RoboMemArena: A Comprehensive and Challenging Robotic Memory Benchmark

Benchmark Examples

Sequence

Place cookies & tomato sauce in a container sequentially

Place cream cheese & chocolate pudding in a container sequentially

Pour tomato sauce twice, place cookies into microwave

Counting

Pour tomato sauce twice into frypan, place into drainer

Pick chocolate, pour tomato, place into drainer

Pour wine bottle twice into mug

Occlusion

Open all drawers sequentially, then place butter into the drawer with an item

Open all drawers sequentially, then place butter into the empty drawer

Place two items into the microwave for heating

Transferring

Pick chocolate & butter, cabinet 1 → cabinet 2

Pick tomato, milk & OJ, cabinet 1 → cabinet 2

Pick chocolate & cream, plate 1 → plate 2

Overview

Figure 1. RoboMemArena converts natural-language instructions into keyframe-annotated trajectories through VLM-based task decomposition, autonomous execution, closed-loop verification, and targeted human refinement of unsuitable annotations.

Abstract

Memory is a critical component of robotic intelligence, as robots must rely on past observations and actions to accomplish long-horizon tasks in partially observable environments. However, existing robotic memory benchmarks still lack multimodal annotations for memory formation, provide limited task coverage and structural complexity, and remain restricted to simulation without real-world evaluation.
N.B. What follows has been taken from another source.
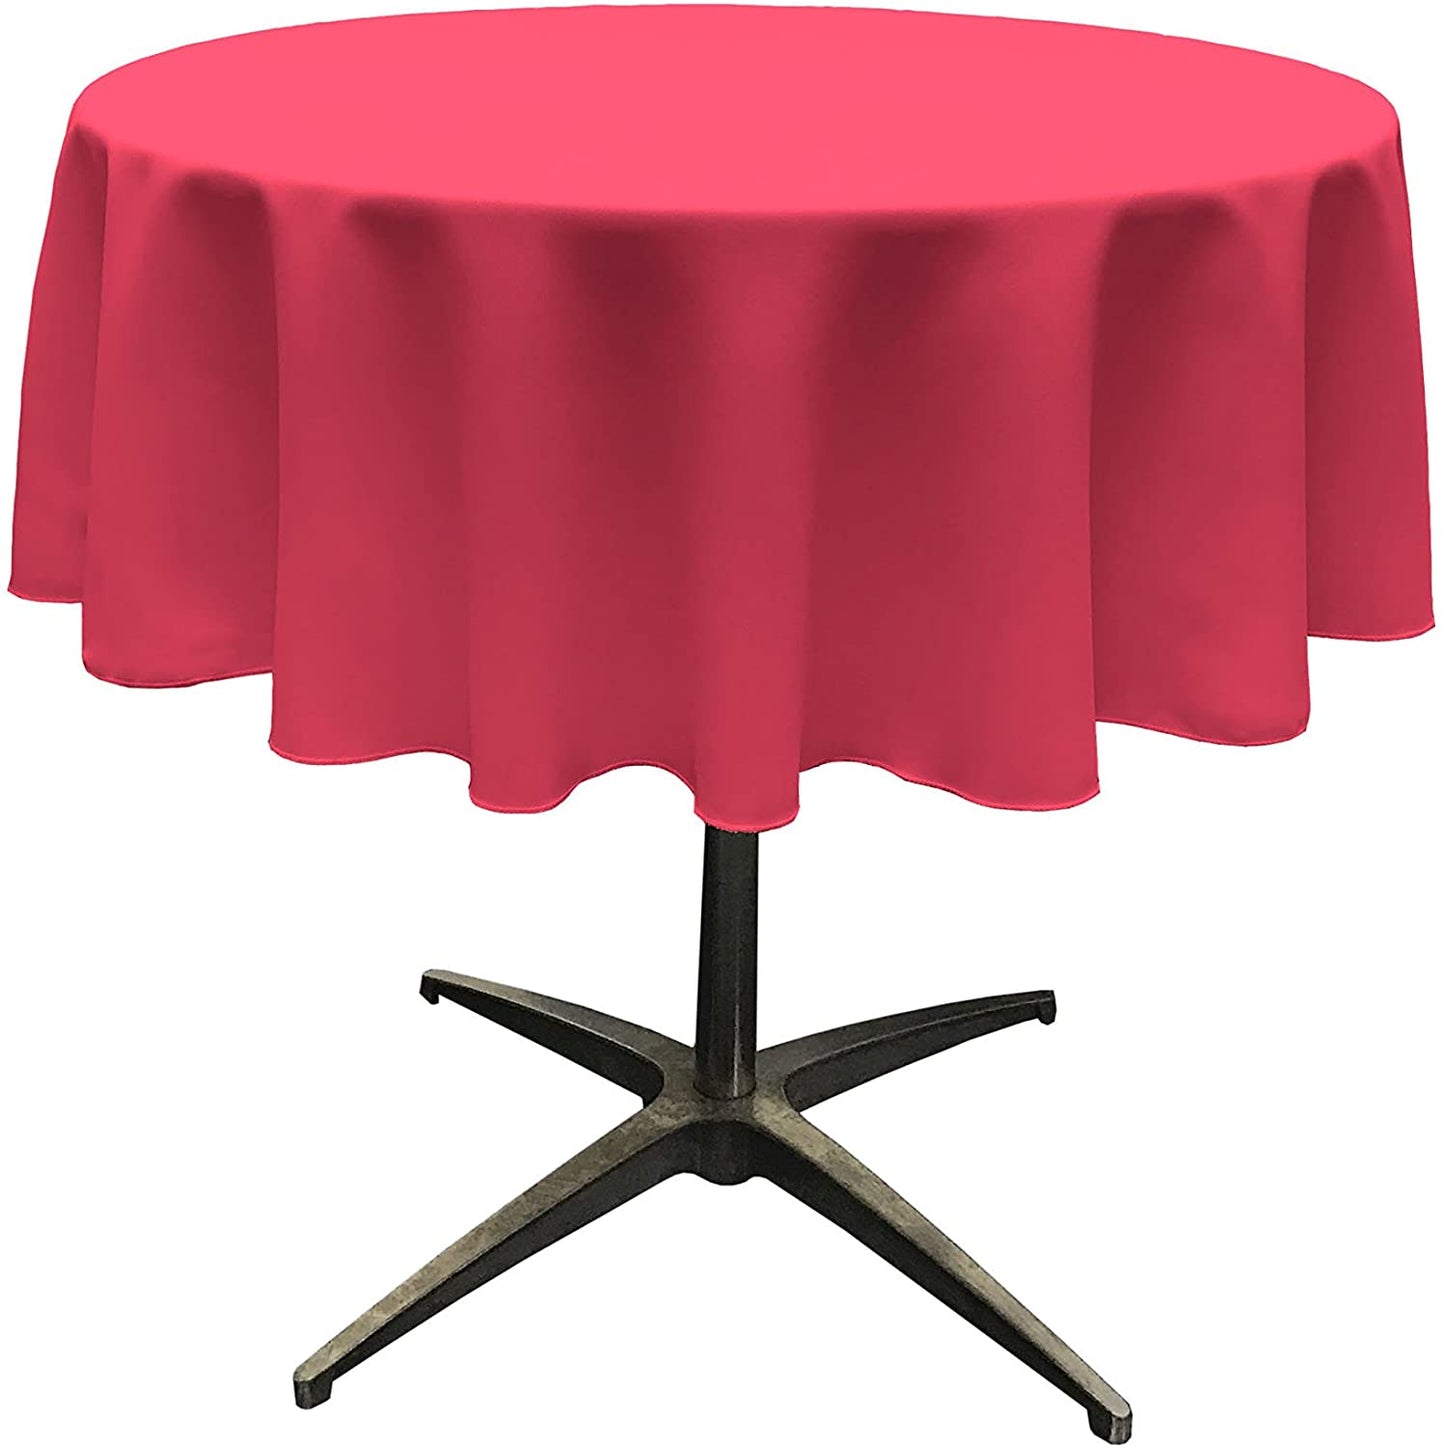 Polyester Poplin Washable Round Tablecloth, Stain and Wrinkle Resistant Table Cover Fuchsia

We address this gap with RoboMemArena, a large-scale benchmark of 26 tasks, with average trajectory lengths exceeding 1,000 steps per task and 68.9% of subtasks being memory-dependent. Its generation pipeline uses a vision-language model (VLM) to design and compose subtasks, generates full trajectories through atomic functions, and provides memory-related annotations, including subtask instructions and native keyframe annotations, while paired real-world memory tasks support physical evaluation. We further design PrediMem, a dual-system VLA in which a high-level VLM planner manages a memory bank with recent and keyframe buffers and uses a predictive coding head to improve sensitivity to task dynamics. Extensive experiments on RoboMemArena show that PrediMem outperforms all baselines and provides insights into memory management, model architecture, and scaling laws for complex memory systems.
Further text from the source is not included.